I made a data like this:
data<-data.frame(id=c(1,1,1,1,2,2,2,3,3,3,4,4,4),
yearmonthweek=c(2012052,2012053,2012061,2012062,2013031,2013052,2013053,2012052,
2012053,2012054,2012071,2012073,2012074),
event=c(0,1,1,0,0,1,0,0,0,0,0,0,0),
a=c(11,12,13,10,11,12,15,14,13,15,19,10,20))

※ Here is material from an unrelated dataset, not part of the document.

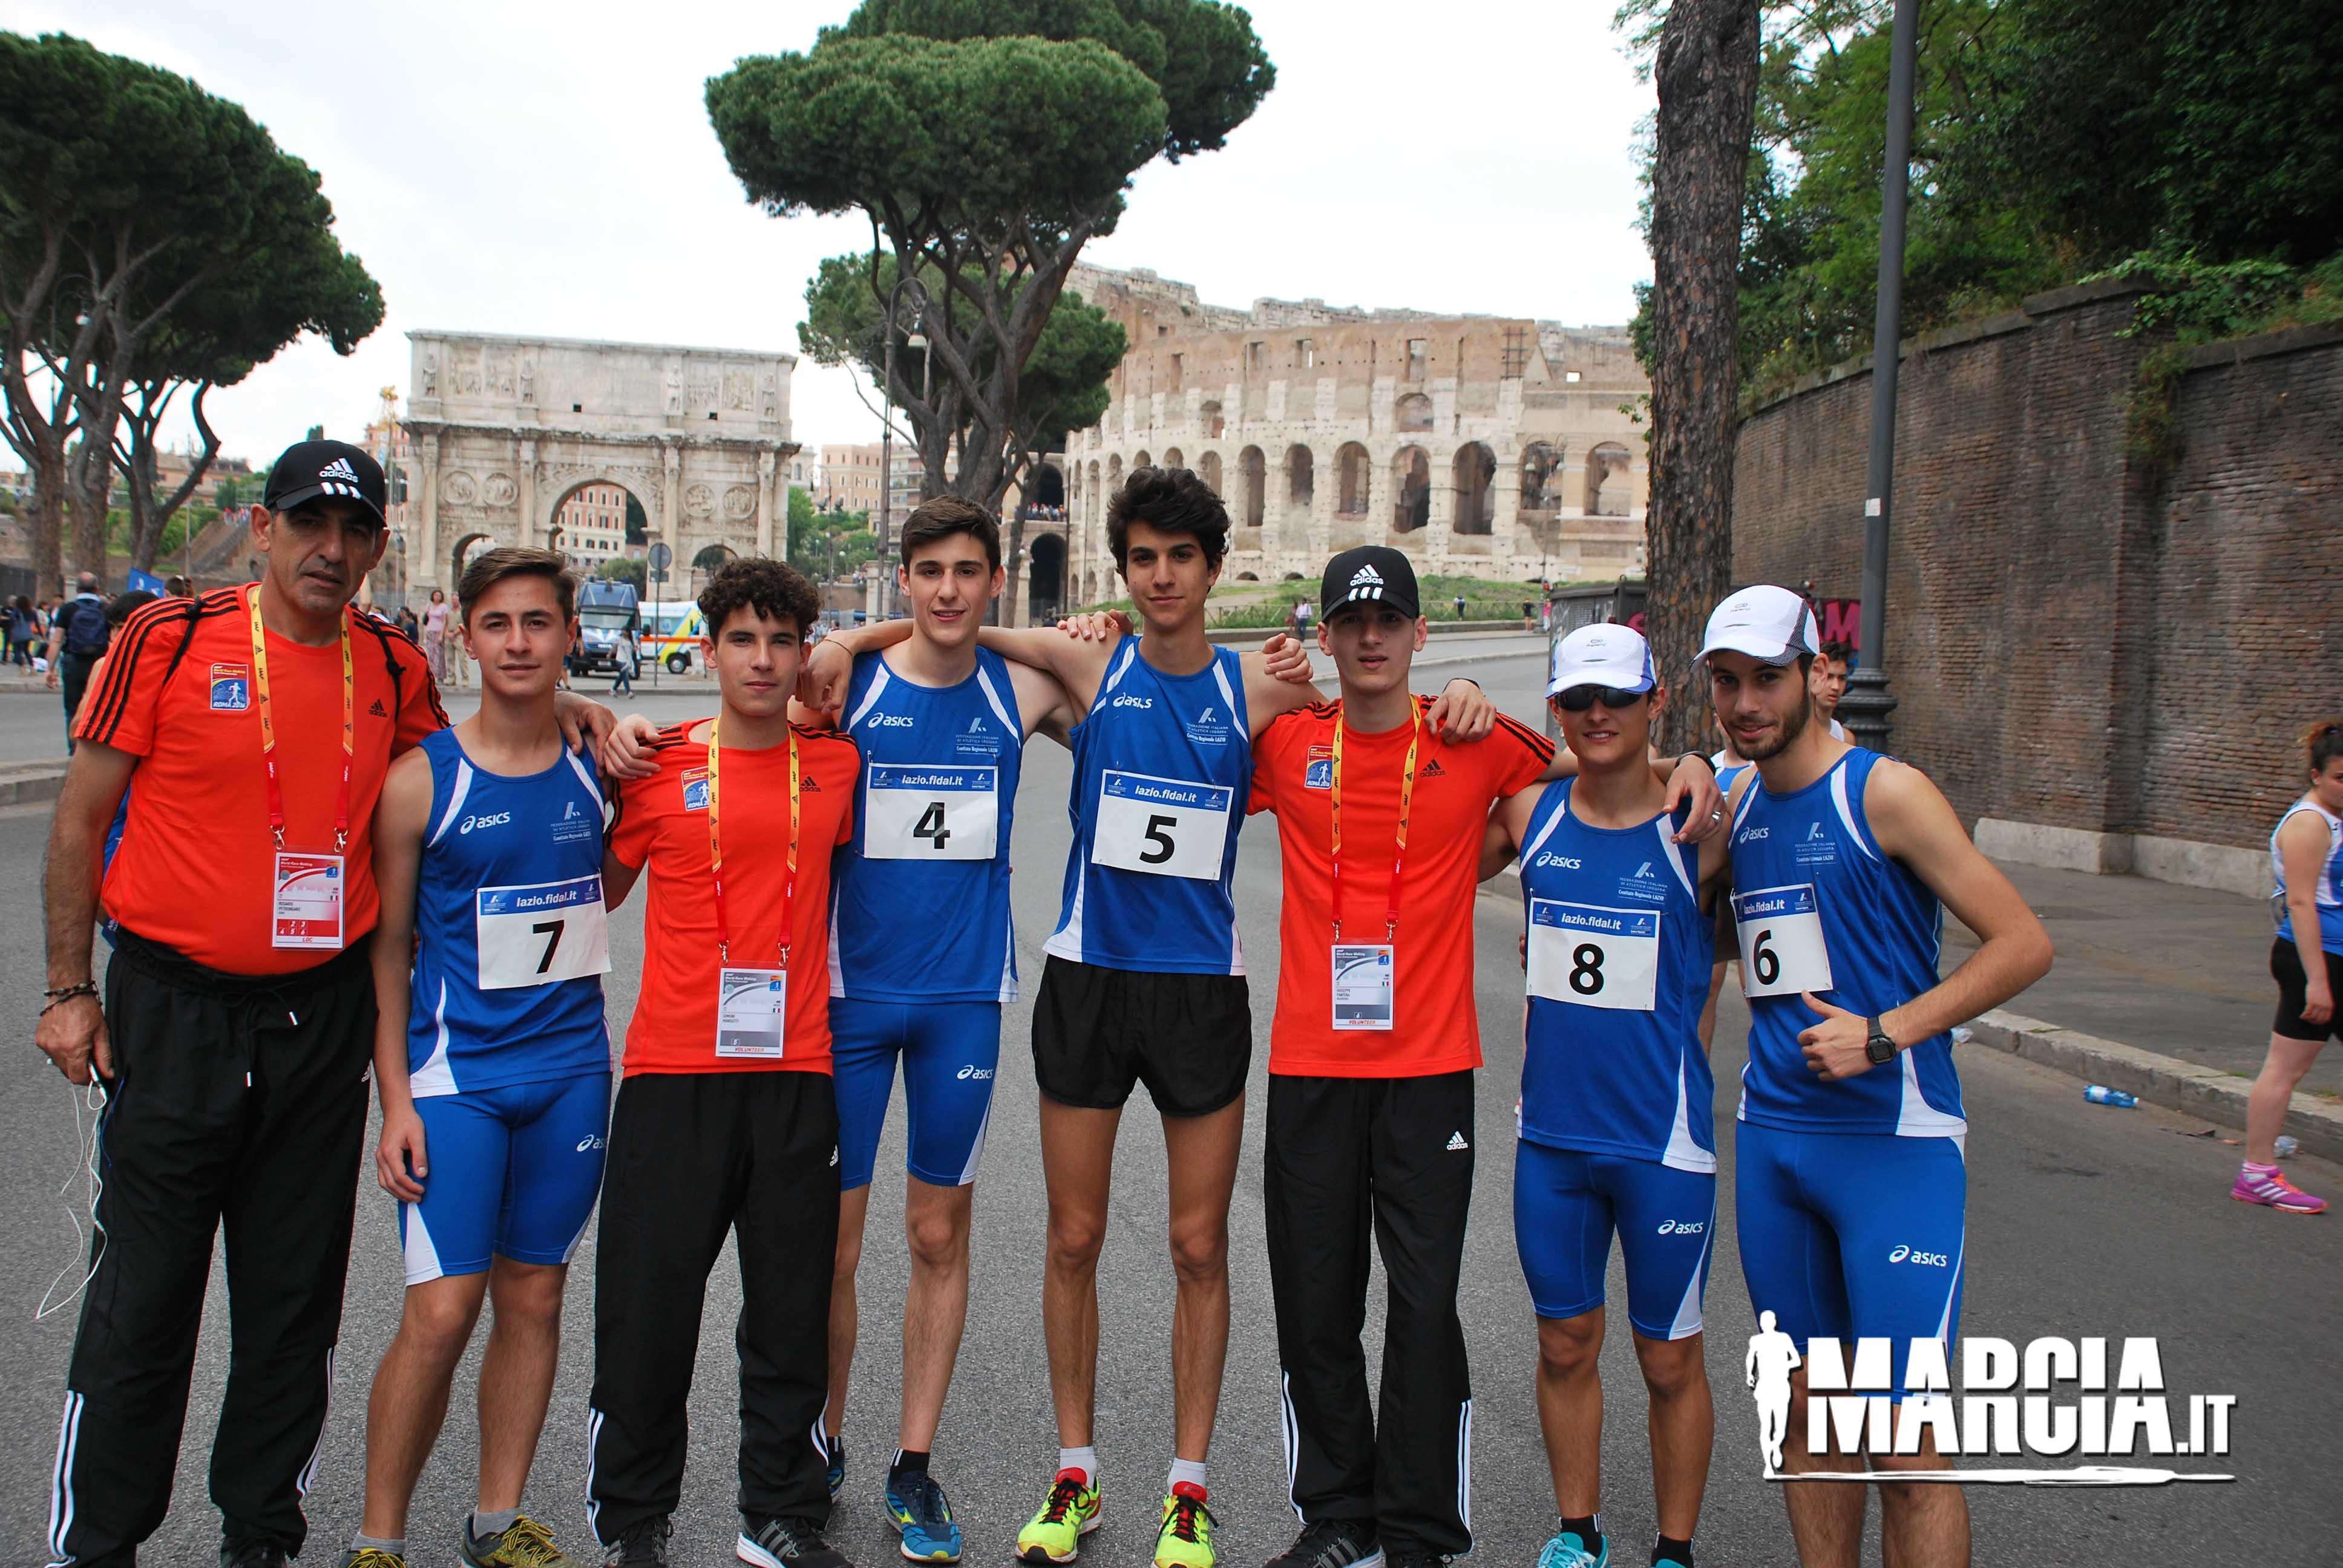 4c6afc2481dcd Festa della Marcia Roma 7 maggio 2016 - Marcia.it

id stands for personal id. yearmonthweek means year, month and week. I want to clean data by the following rules. First, find id that have at least one event. In this case id=1 and 2 have events and id=3 and 4 have no events. Secondly, pick a random row from an id that has events and pick a random row from an id that has no events. So, the number of rows should be same as the number of id. My expected output looks like this:
data<-data.frame(id=c(1,2,3,4),
yearmonthweek=c(2012053,2013052,2012052,2012073),
event=c(1,1,0,0),
a=c(12,12,14,10))
Since I use random sampling, the values can be different as above, but there should be 4 rows like this.
>Solution :
Here is an option
set.seed(2022)
data %>%
group_by(id) %>%
mutate(has_event = any(event == 1)) %>%
filter(if_else(has_event, event == 1, event == 0)) %>%
slice_sample(n = 1) %>%
select(-has_event) %>%
ungroup()
## A tibble: 4 × 4
# id yearmonthweek event a
# <dbl> <dbl> <dbl> <dbl>
#1 1 2012061 1 13
#2 2 2013052 1 12
#3 3 2012053 0 13
#4 4 2012074 0 20
Explanation: Group by id, flag if a group has at least one event; if it does, only keep those rows where event == 1; then uniform-randomly select a single row using slice_sample per group.